We shall see that 2. can be generalized so that we can prove

Theorem (Seifert - van Kampen). Let $X$ be a topological space and $X_0,X_1\subset X$ be subsets whose interiors cover $X$ such that $X_{01}=X_0\cap X_1$ is path connected. Then for any choice of base point $\ast\in X_{01}$ \begin{matrix}\pi_1(X_{01},\ast) & \to & \pi_1(X_0,\ast)\\ \downarrow&&\downarrow \\ \pi_1(X_1,\ast) & \to & \pi_1(X,\ast) \end{matrix} is a pushout in the category of groups.

Proof.
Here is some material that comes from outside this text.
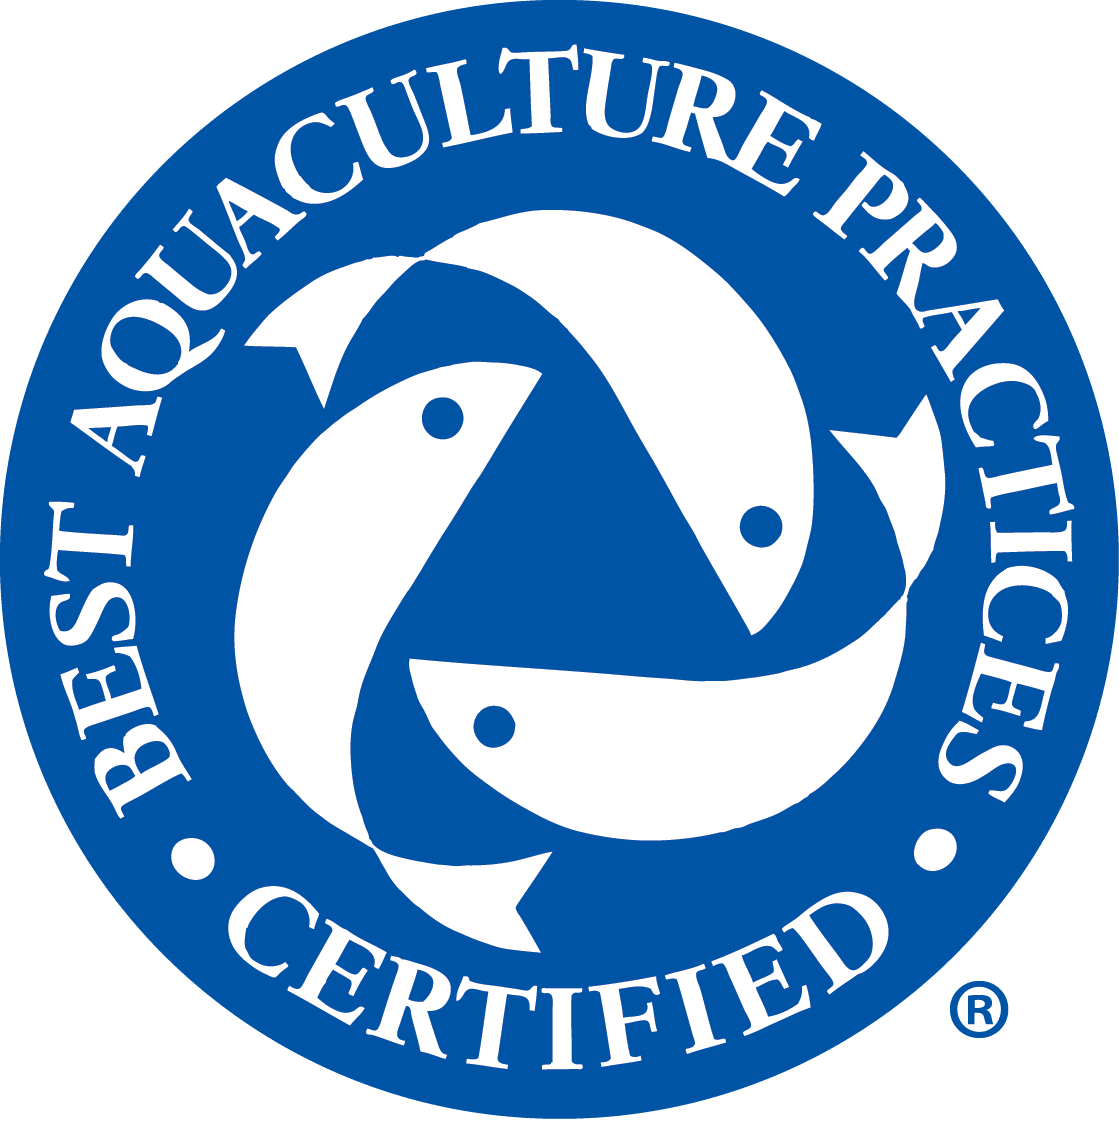 4 Star Bap Logo - Best Aquaculture Practices - Best Aquaculture Practices Certification

As Tyrone suggested in his comment, for a pointed space $(Z,z)$ let us denote by $\tilde Z$ the path-component of $Z$ containing the basepoint $z$. From Jackson's and your answers we know that for $X_{01}$ path connected and $* \in X_{01}$ we have $\tilde X_{01} := \tilde X_0 \cap \tilde X_1 = X_{01}$ and $\tilde X = \tilde X_0 \cup \tilde X_1$. Note that $X_{01}$ path connected is essential for both equations.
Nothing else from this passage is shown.